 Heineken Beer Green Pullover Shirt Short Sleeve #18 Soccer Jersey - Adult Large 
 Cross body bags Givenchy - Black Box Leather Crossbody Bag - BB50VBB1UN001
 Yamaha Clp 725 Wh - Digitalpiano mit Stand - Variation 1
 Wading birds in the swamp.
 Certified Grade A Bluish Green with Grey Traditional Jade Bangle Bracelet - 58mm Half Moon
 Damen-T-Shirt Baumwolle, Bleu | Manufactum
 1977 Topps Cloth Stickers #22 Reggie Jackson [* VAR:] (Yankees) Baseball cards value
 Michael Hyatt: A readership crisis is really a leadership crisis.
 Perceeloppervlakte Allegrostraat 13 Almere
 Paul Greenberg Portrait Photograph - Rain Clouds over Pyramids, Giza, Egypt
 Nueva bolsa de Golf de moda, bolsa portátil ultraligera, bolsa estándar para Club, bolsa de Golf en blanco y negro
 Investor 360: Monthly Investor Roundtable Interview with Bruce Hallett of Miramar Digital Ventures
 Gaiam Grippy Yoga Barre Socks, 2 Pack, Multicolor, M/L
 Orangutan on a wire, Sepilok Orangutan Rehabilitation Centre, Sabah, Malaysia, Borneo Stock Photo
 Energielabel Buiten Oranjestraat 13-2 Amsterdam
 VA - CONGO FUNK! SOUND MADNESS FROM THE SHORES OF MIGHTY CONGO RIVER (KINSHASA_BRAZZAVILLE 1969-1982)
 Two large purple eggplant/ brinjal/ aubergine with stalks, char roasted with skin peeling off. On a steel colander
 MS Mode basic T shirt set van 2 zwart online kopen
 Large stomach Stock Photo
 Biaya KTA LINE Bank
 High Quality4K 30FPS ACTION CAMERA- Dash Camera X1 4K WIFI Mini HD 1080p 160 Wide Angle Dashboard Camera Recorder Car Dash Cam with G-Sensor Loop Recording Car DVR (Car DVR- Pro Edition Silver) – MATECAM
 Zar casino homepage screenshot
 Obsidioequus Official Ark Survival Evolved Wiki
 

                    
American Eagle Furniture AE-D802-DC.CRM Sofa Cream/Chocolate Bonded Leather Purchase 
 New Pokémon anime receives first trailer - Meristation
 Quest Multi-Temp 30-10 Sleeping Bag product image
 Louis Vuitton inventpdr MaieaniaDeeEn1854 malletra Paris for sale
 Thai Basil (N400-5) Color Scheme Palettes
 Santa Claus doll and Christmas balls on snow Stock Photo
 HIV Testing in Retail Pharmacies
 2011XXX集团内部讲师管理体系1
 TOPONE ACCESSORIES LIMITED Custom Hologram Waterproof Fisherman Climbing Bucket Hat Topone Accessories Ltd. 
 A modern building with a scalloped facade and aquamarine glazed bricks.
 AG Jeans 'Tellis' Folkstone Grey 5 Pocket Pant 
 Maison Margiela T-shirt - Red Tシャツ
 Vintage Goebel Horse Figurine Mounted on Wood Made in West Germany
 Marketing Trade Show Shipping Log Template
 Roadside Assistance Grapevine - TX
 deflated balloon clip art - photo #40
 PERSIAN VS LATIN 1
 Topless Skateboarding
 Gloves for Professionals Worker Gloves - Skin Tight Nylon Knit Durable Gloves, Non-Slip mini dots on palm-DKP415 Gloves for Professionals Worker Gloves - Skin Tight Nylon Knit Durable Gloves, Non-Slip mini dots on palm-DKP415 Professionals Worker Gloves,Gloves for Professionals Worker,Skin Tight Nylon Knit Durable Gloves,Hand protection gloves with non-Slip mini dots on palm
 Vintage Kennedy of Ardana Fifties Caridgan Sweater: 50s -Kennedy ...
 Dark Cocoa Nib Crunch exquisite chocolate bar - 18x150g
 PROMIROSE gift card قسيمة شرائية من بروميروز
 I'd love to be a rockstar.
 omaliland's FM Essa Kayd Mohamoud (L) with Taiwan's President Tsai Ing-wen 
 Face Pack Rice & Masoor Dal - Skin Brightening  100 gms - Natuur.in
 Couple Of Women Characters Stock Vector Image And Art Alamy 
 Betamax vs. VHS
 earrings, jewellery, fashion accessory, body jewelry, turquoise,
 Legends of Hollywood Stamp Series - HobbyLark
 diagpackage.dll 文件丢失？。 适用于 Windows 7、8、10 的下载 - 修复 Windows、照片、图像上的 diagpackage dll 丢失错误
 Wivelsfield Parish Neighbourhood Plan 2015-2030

────────────────────────────────────────

§ **About this task**:
Starting with the line above that holds "High Quality4K 30FPS" and stopping with the line that holds "American Eagle Furniture", reproduce each line exactly, omitting all other lines.

§ **Result of this exercise**:
 High Quality4K 30FPS ACTION CAMERA- Dash Camera X1 4K WIFI Mini HD 1080p 160 Wide Angle Dashboard Camera Recorder Car Dash Cam with G-Sensor Loop Recording Car DVR (Car DVR- Pro Edition Silver) – MATECAM
 Zar casino homepage screenshot
 Obsidioequus Official Ark Survival Evolved Wiki
 

                    
American Eagle Furniture AE-D802-DC.CRM Sofa Cream/Chocolate Bonded Leather Purchase 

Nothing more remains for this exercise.